# [Supplied information]
Content starts

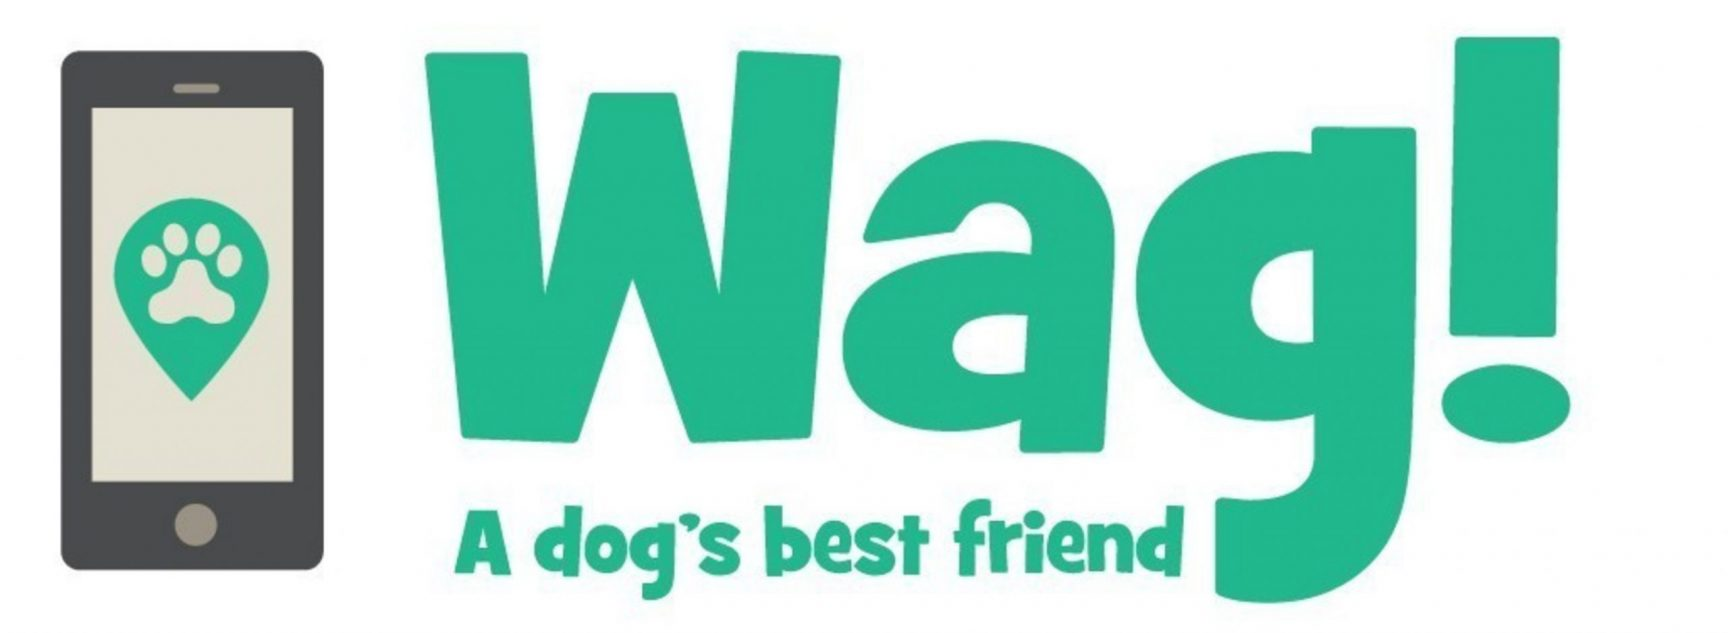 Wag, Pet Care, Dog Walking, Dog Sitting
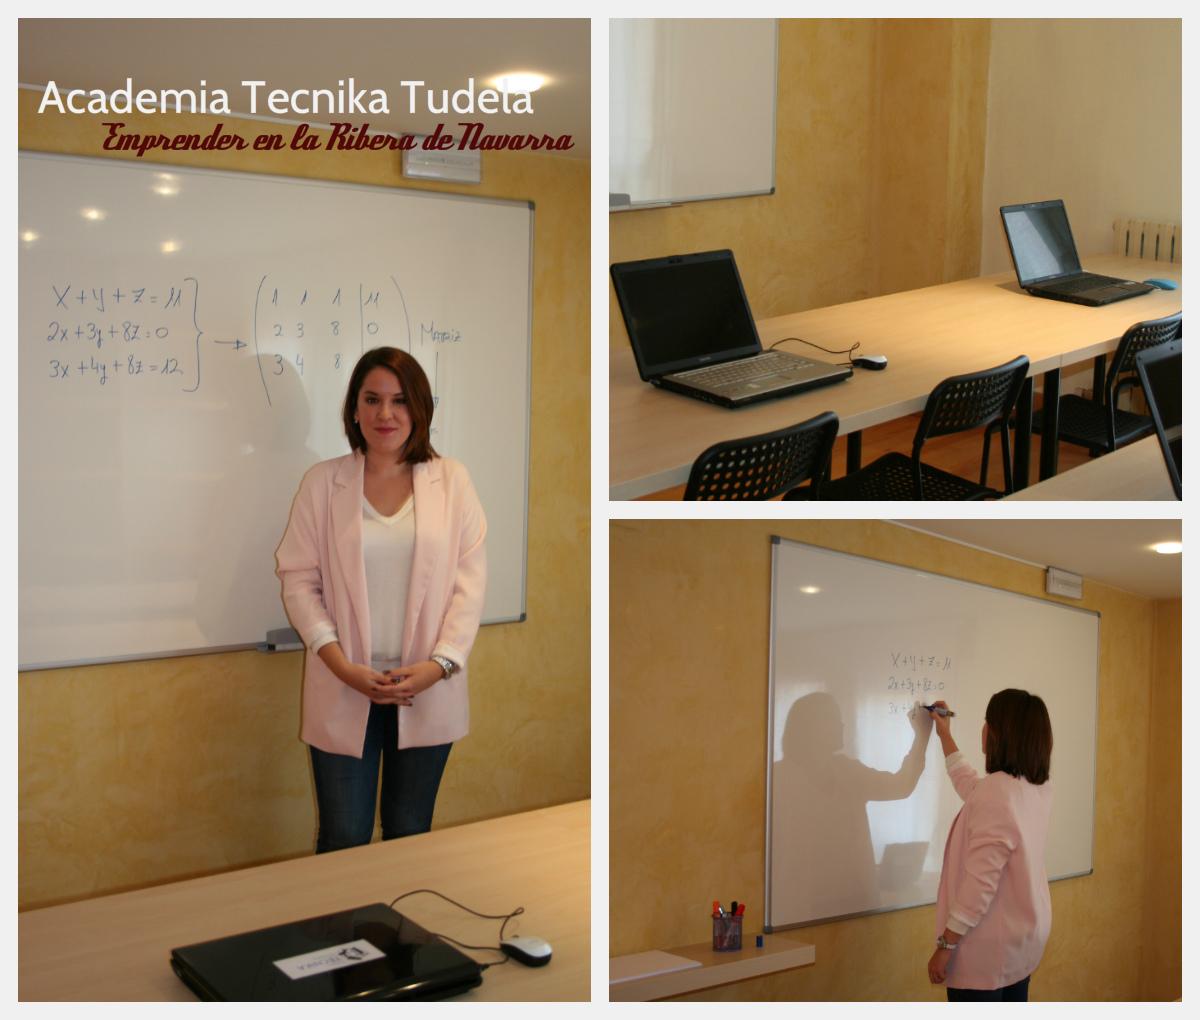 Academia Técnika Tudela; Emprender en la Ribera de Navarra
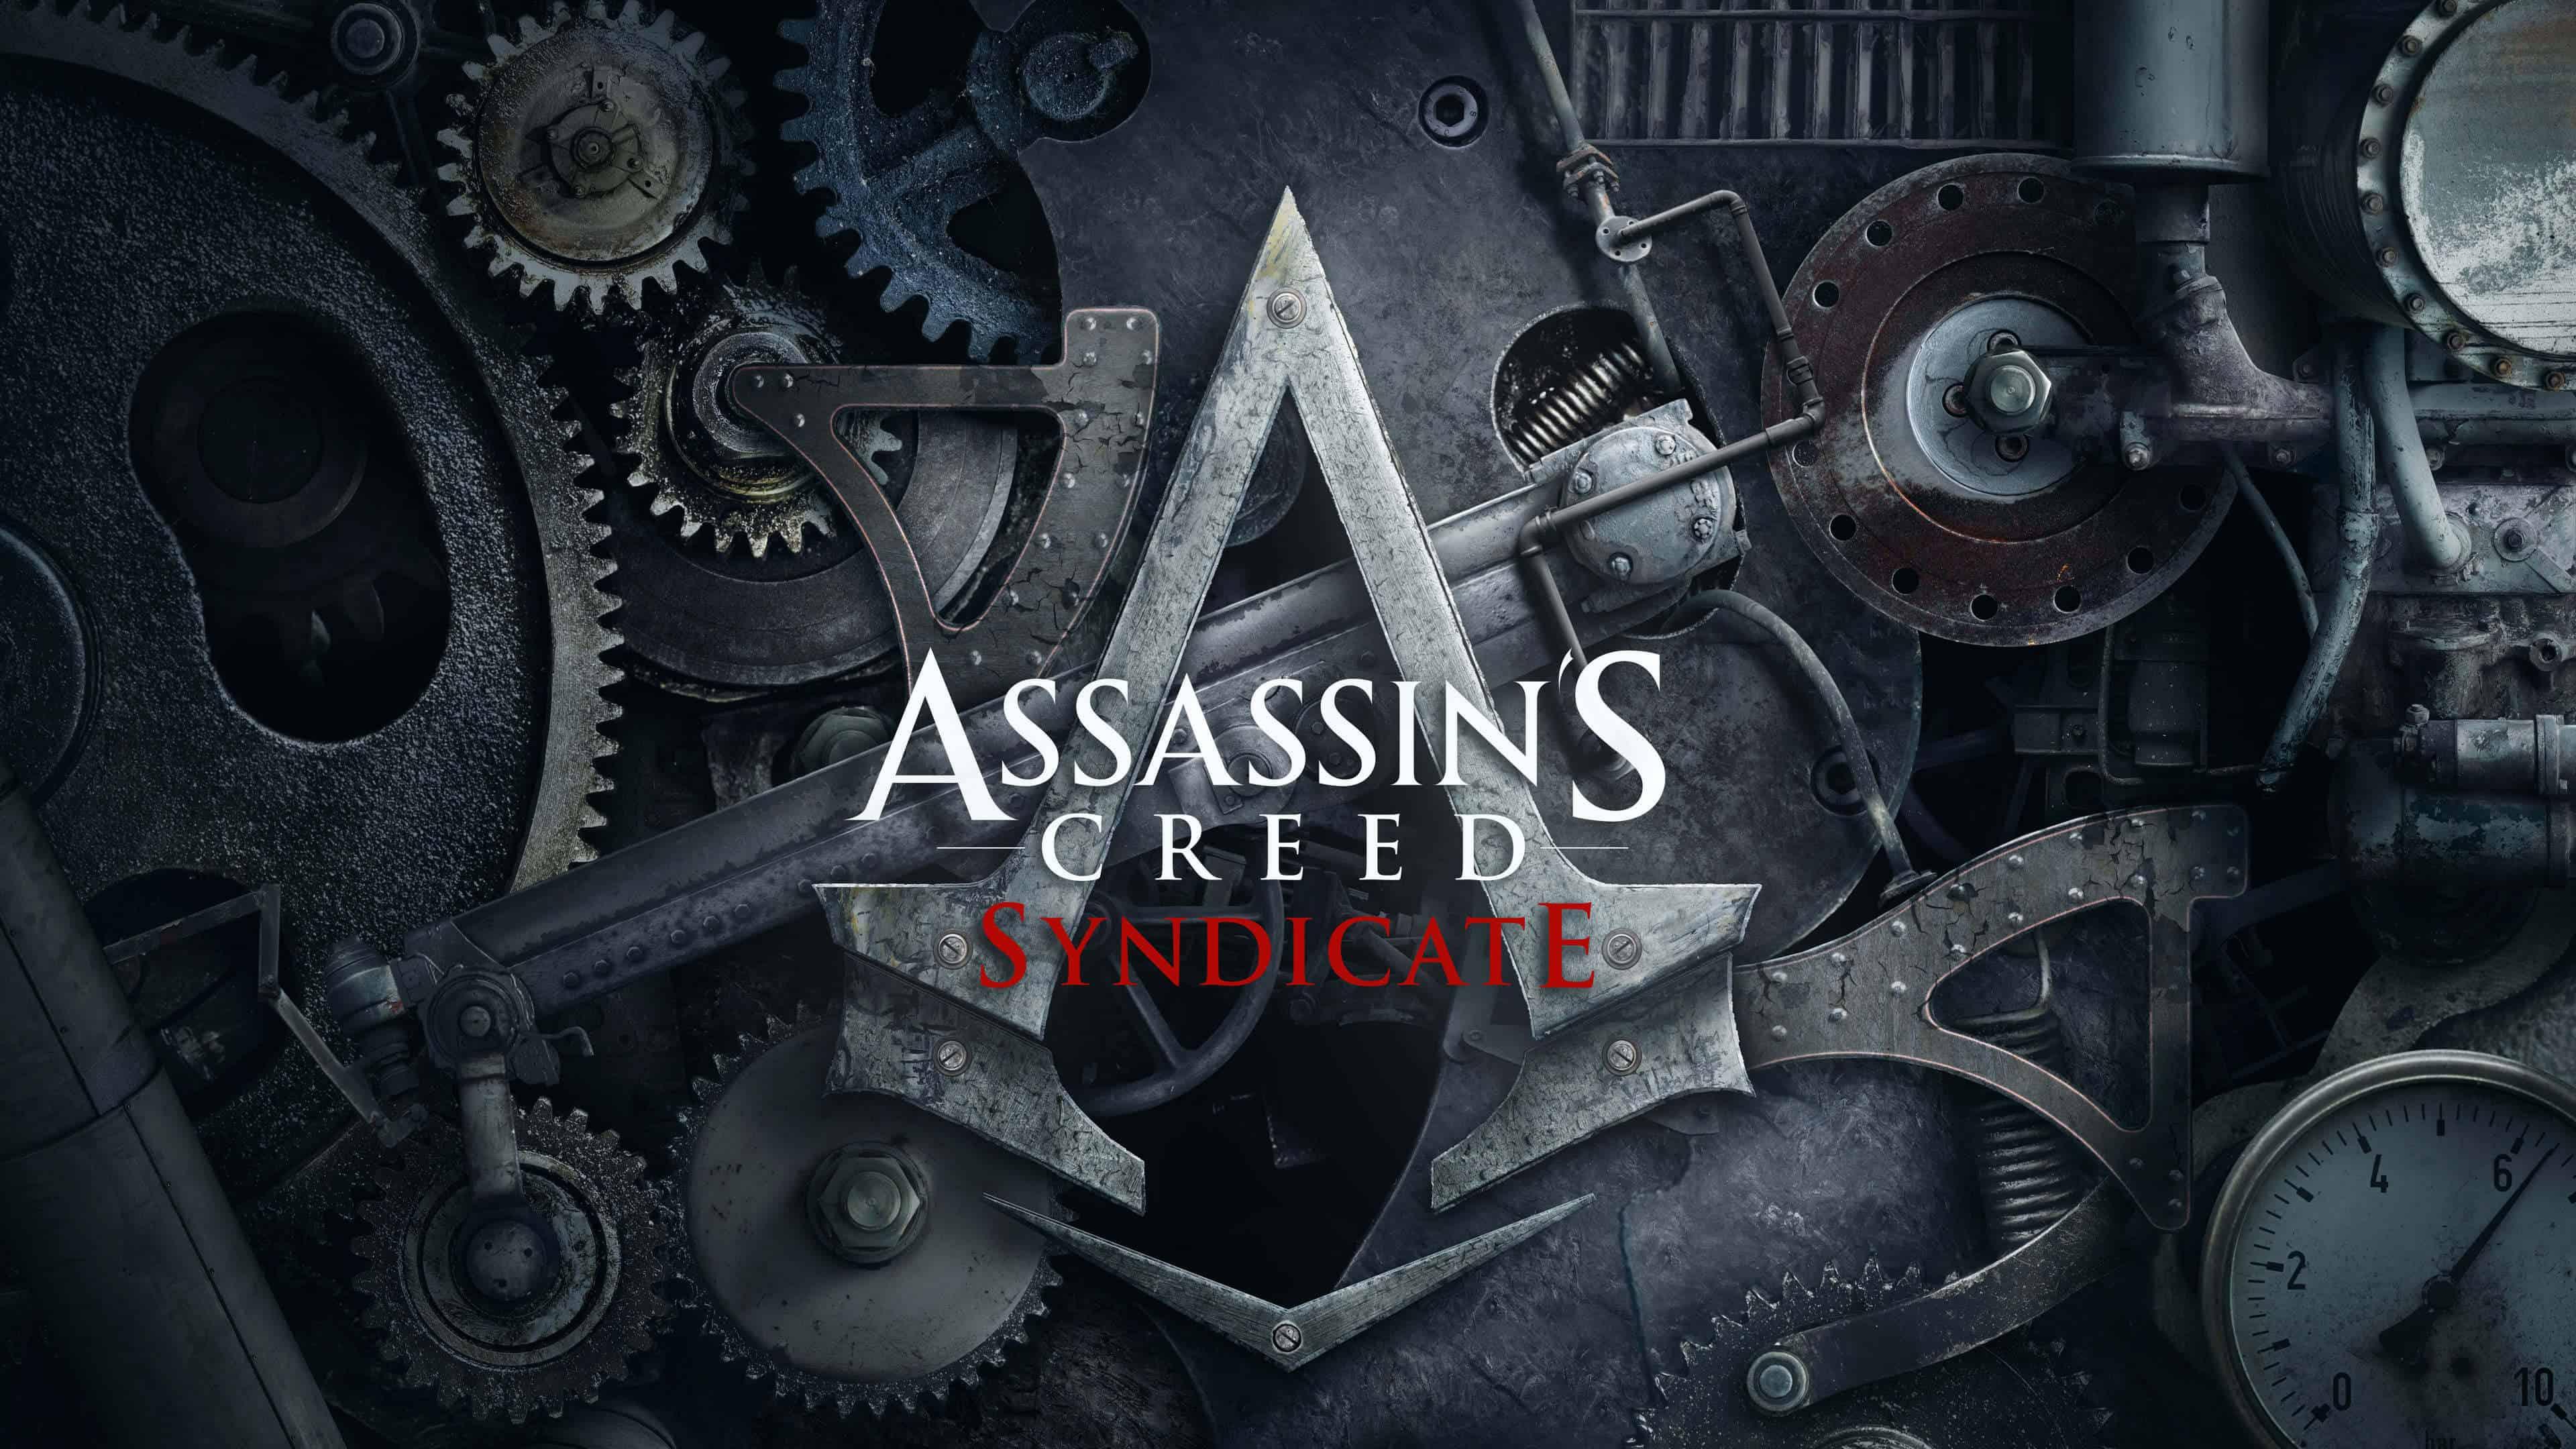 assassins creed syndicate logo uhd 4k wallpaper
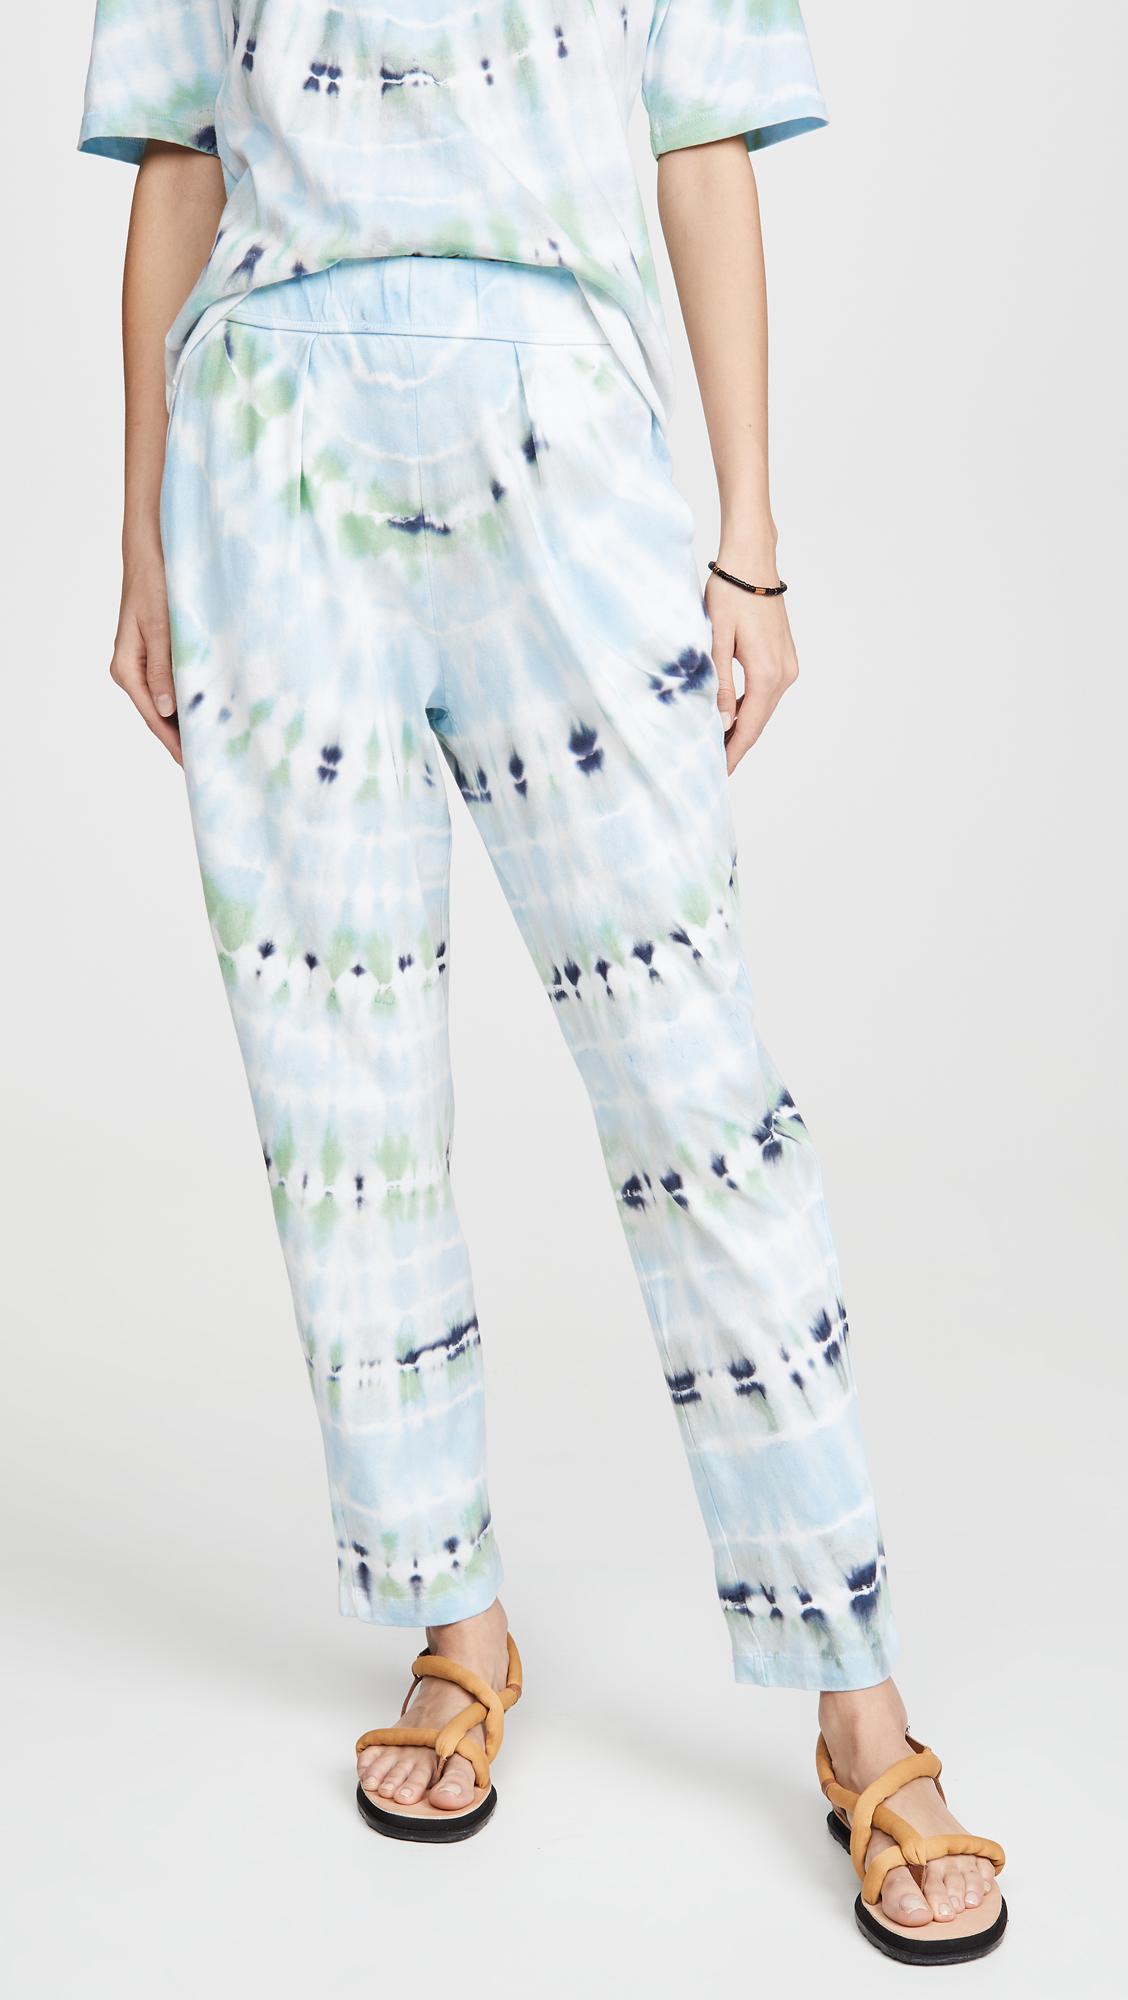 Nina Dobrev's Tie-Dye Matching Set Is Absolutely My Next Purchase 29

Content ends

# [Exercise requirements]
Reproduce the data above line for line, excluding every picture.

# [Task answer]
 Wag, Pet Care, Dog Walking, Dog Sitting
 Academia Técnika Tudela; Emprender en la Ribera de Navarra
 assassins creed syndicate logo uhd 4k wallpaper
 Nina Dobrev's Tie-Dye Matching Set Is Absolutely My Next Purchase 29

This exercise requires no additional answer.